I opened my mouth to snap back at her, but then I looked to Ryder, and I saw from the horror on his face that it was true. It was all true. He'd lied to me. Lied to me about the most important of things and left out a whole lot more besides. The green tinge suggested he was going to puke.
Mia just picked up his glass of water and threw it over him.
"Have a nice life," she snapped and stormed off.
"Moon…" Ryder started, but I cut him off.
"Don't you call me that. You don't get to pretend to care anymore. Was this a game to you? Let's mess with Luna's head? You know how I feel about men. I told you things I've never told anyone before, and all because you gained my trust under false pretences." He took a step forward; I took a step back. "Get the heck away from me."
I ran for the bathroom, the only place where I could hope for some privacy. People already had their phones out, recording us. Recording me. I locked myself into a stall, and then the tears came. The moment I finally found a tiny glimmer of happiness, a sliver of hope for the future, it fell apart. My body shook as I sobbed, and now I had no one. Not one single person I trusted.
Minutes passed. Somebody came to use the toilet, and I kept a hand over my mouth until they flushed, then let myself cry again. How was I even going to get out of here? Wait until the restaurant closed and then sneak through the window?
A soft knock sounded, and I jumped.
"Get lost."
"Are you okay?" Caro asked.
"Of course I'm not o-freaking-kay. Just keep him away from me."
"Knox made him leave."
"He'll probably circle back, the sneaky, conniving jerk."
"That's what Knox figured, so he went with him to make sure that didn't happen. Can I do anything to help?"
"N-n-no. Did you know? That Ryder likes women? Am I the only idiot?"
"Not for sure, but I saw the way he looked at you."
"How did he look at me?"
"As if…as if he was the night sky and you were the stars."
"What does that even mean?"
"It's a metaphor.
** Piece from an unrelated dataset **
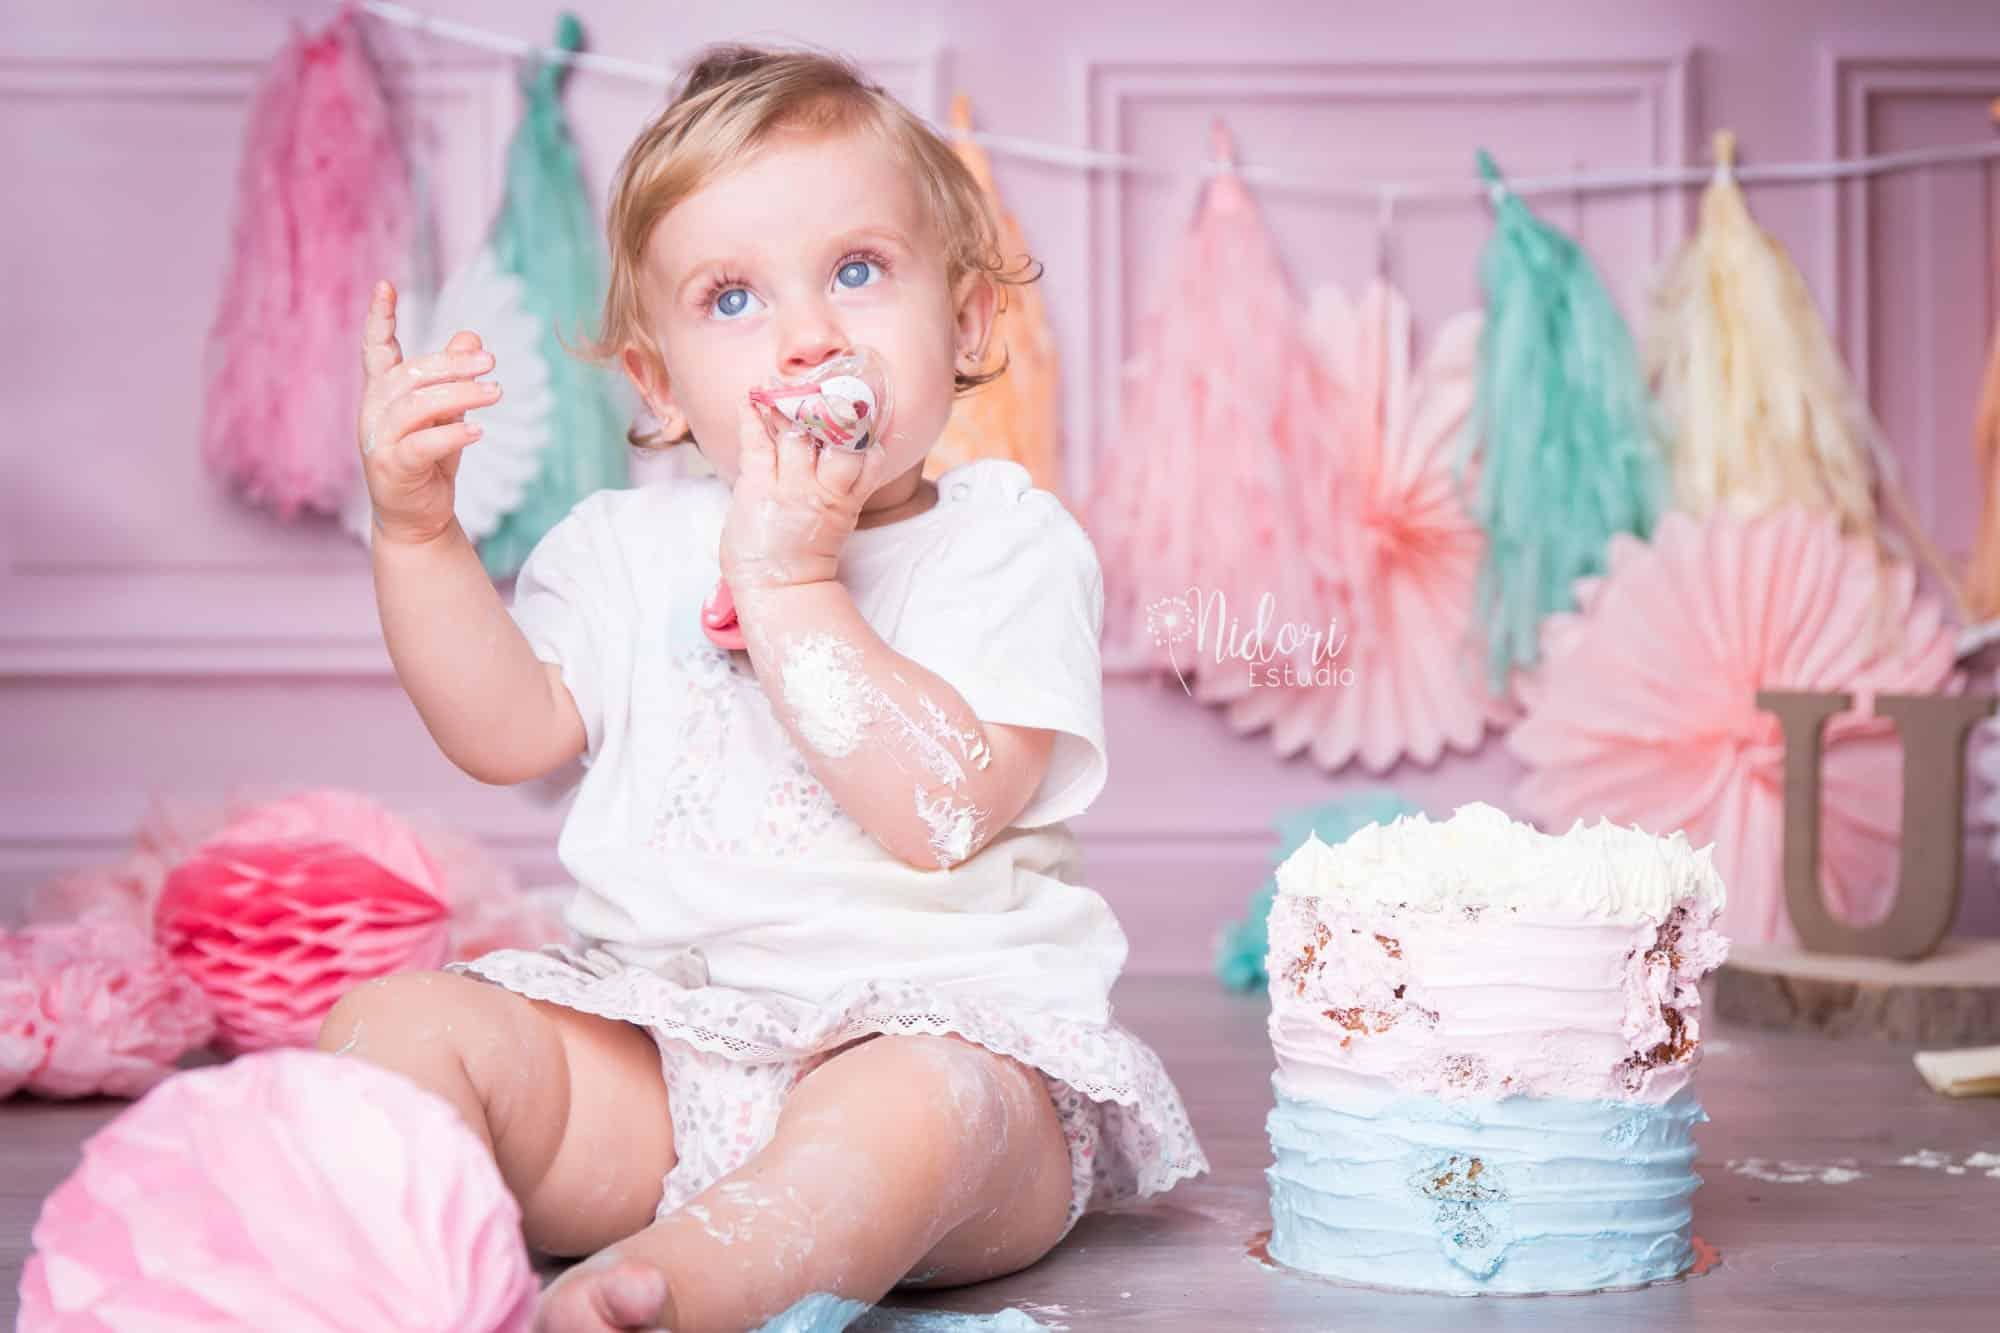 smash-cake-cumpleaños-tarta-fotografia-niños-bebes-nidoriestudio-fotos-valencia-almazora-castellon-españa-spain-12

Like he was the darkness, and you were his light."
"I'm not his anything." Not even his friend, not anymore. How could I be when he'd broken my trust? "I need to get away from this place."
"Slater's waiting to take you back to the Cleopatra."
This time, it was Caro by my side as I hurried past people who wouldn't stop staring at me. Kory tucked my pashmina around my shoulders and gave my arm a sympathetic squeeze.
"Guess you'll be on Insta again tomorrow."
I was so, so sick of social media. Of belonging to everyone but myself.
Jubilee was paying the bill, and I kept my head down, using Caro as a shield. My life was out of control. This was what I'd always feared—that if I pulled back from writing my own story, then the narrative would take on a life of its own. That my vulnerabilities would be laid bare for all to see.
"I'm sorry, ma'am," the waitress said. "Your card's been declined."
"Huh? It definitely shouldn't have been. Could you try it?—"
"Use mine." I fumbled for the little purse that held my phone and a few other essentials. "Just hurry up."
The waitress took my card, only for the embarrassment to continue as my card got rejected too. If this wasn't the worst night of my life, it was undoubtedly in the top five.
"Did your accountant forget to pay the bill?" Kory joked as he handed over his own Amex.
Jubilee bit her lip. "I don't know. He hasn't been replying to my emails."
"Maybe he died? Has someone checked his office for a corpse?"
"Can we not talk about death?" I shuddered. "Don't you think we've all had enough of that?"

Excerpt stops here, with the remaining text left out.